I'm epileptic. No big news.
And as causes go, epilepsy is hopeless. It's not even third division. It's not cute, not fluffy, doesn't have the big eyes of a dog or the big ears of a donkey.
It's an ugly thing, utterly terrifying for unwitting spectators, and hugely misunderstood.
Which is why any publicity is good publicity. I buy into this - mostly.
Anything which makes epilepsy slightly more mainstream is to be welcomed so that kids can feel like they aren't so weird after all. And why the bags River Island pushed out in conjunction with the Epilepsy Society should be a good thing.
'Seize the day' they said - what a lark! Look at us eppys, nature's fruit cakes, laughing at ourselves and soldiering on. What a hoot! We even shop in the High Street despite ourselves.
But strangely enough, they aren't right. There is something odd about them. Like a picture where you suddenly notice a strange man in a school playground or a song played in the wrong key. They don't sit well with me.
And I've tried to find the words for exactly why that is.
I can imagine some well meaning soul on a Mac designing them in his studio, imagining this is a clever way to make eppys feel strong.
I can see the gang at the Epilepsy Society thinking this continues their ambition to make epilepsy mainstream.

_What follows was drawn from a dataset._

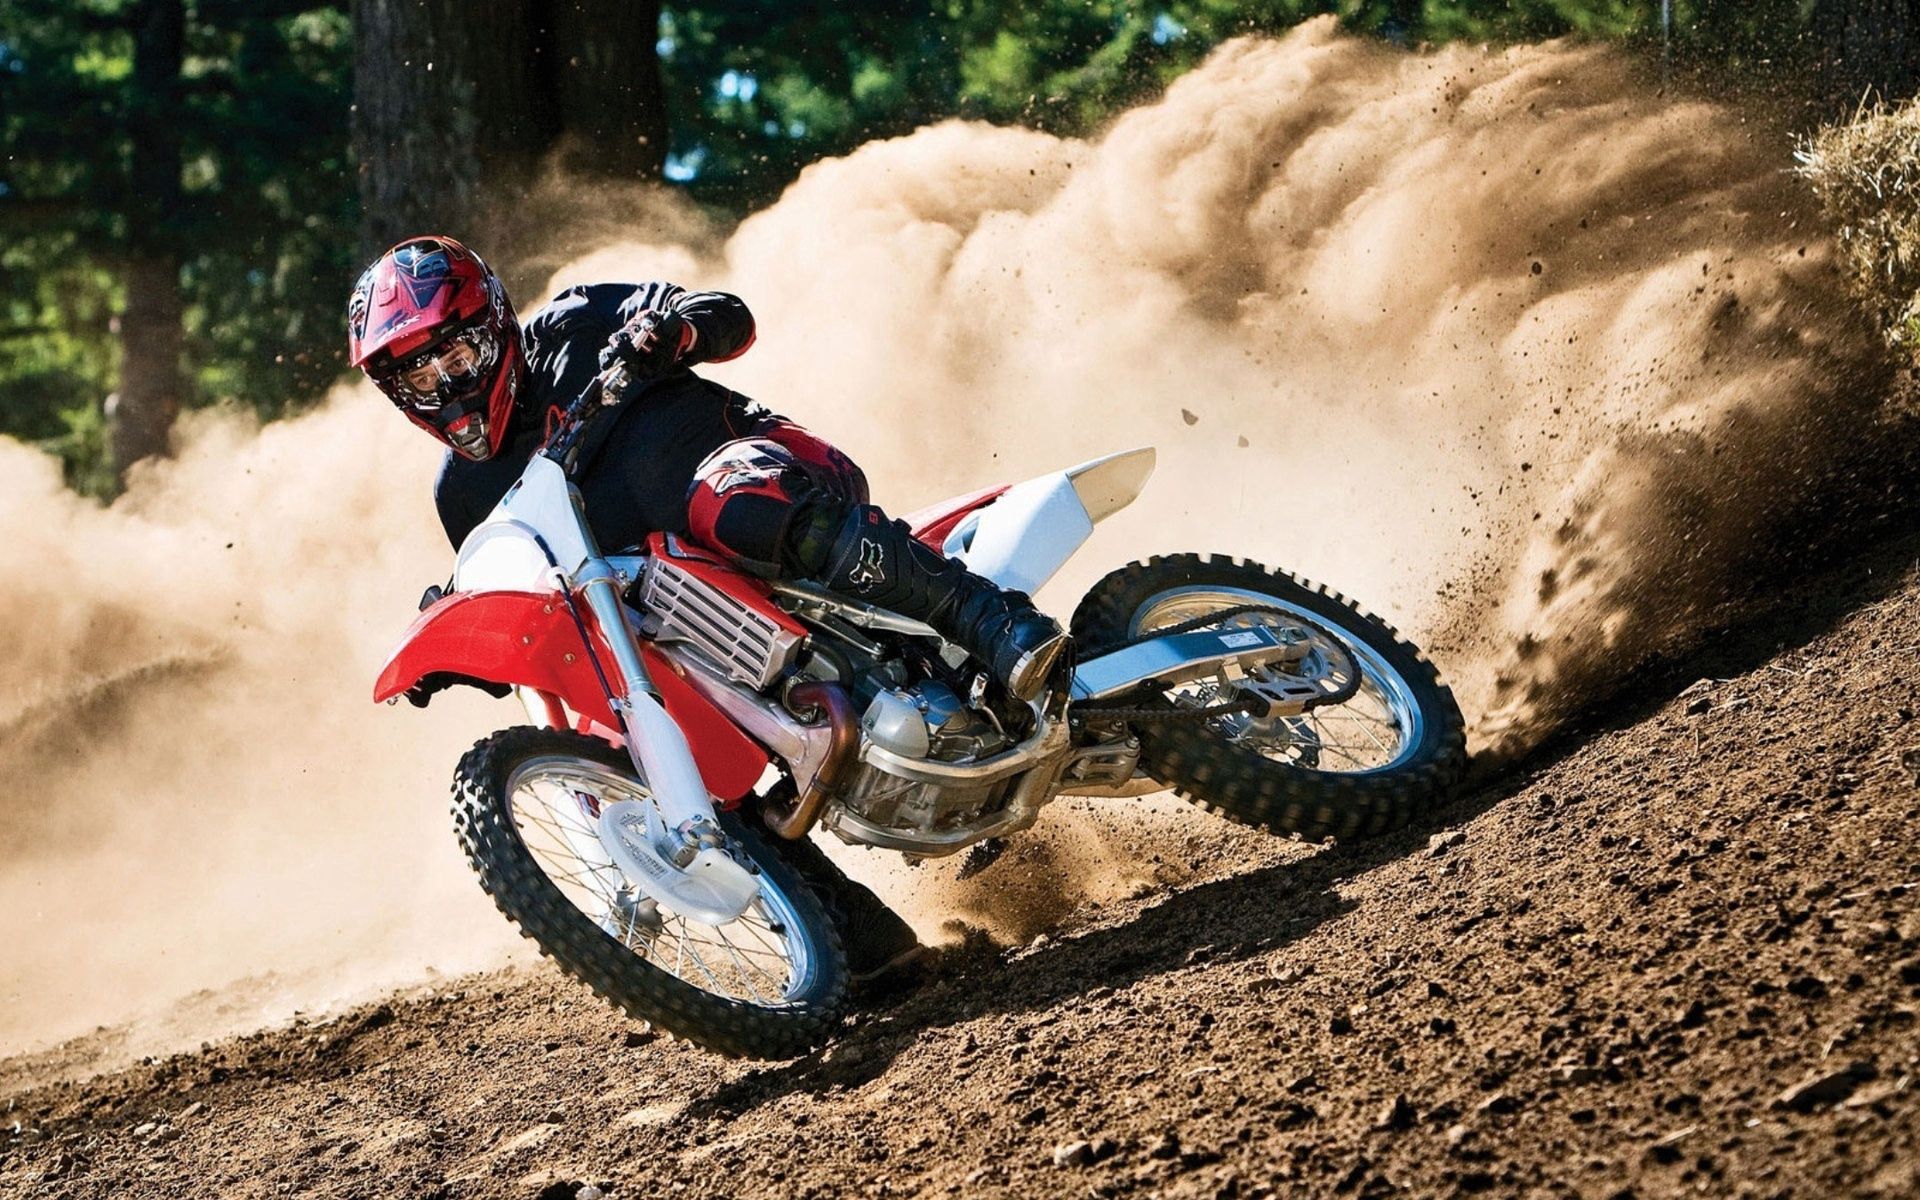 138148 download wallpaper motorcycles, speed, dust, race, skid screensavers and pictures for free
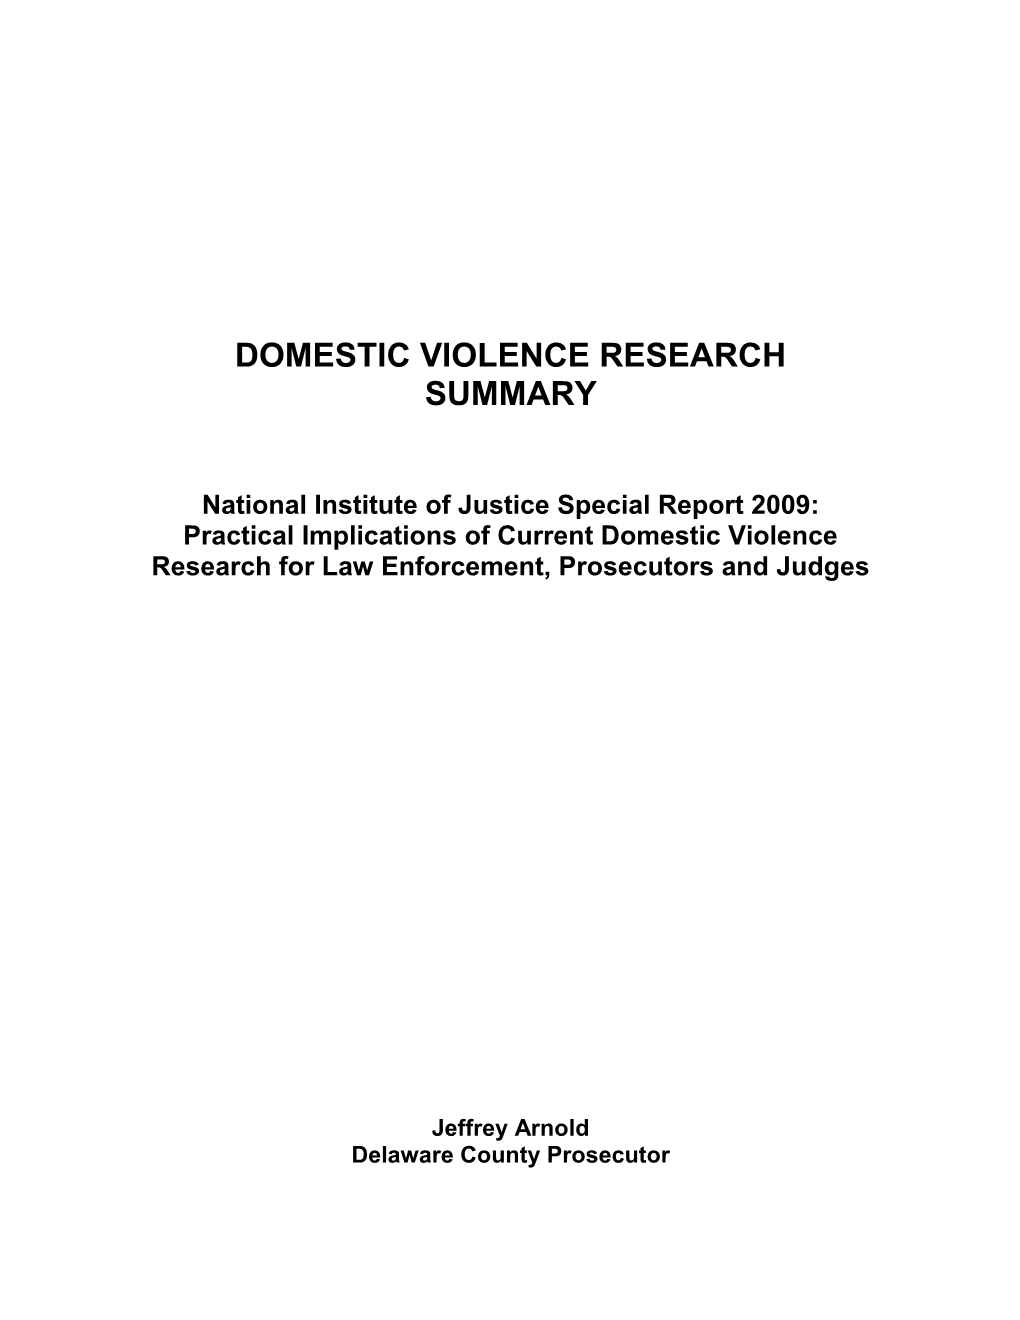 Delaware County Domestic Violence Committee

But good intentions have translated into a language we don't understand.
We don't think like this. We don't see our days this way. Seizures are not part of our narrative of life.
The thing we want to do - more than anything - is own the bits of our life we can control. We never view life through the lens of the seizure. We view our lives as all the bits where seizures don't happen and we are being the best we can be. And we wish everyone else could see us the same way.
I know the feeling of coming round, surrounded by people - wholly freaked out because you have just done bonkers stuff with your eyes open even though you weren't behind those eyes to see.
I've shuddered, flapped, slammed my legs against tables until they bled and dislocated joints - without even breaking into consciousness. And then had to reassure people around me its OK. It's nothing. I'm just epileptic. I'm fine.
Poking fun at ourselves is one way to handle this strange world we inhabit. I used to do it to. Laugh first and no one else can get in before you. Some people are still in this phase. And they will like your bags.
But I know better.
I don't need to be told to Seize the Day. Hundreds like me do that every day we wake up and find the courage to live life like everyone else in the knowledge we are not.
We don't need to laugh at ourselves to fit in. That is a defence mechanism and never puts you on the front foot.
We need to accept ourselves. And through our own acceptance, emboldened, we can help others to find it as well.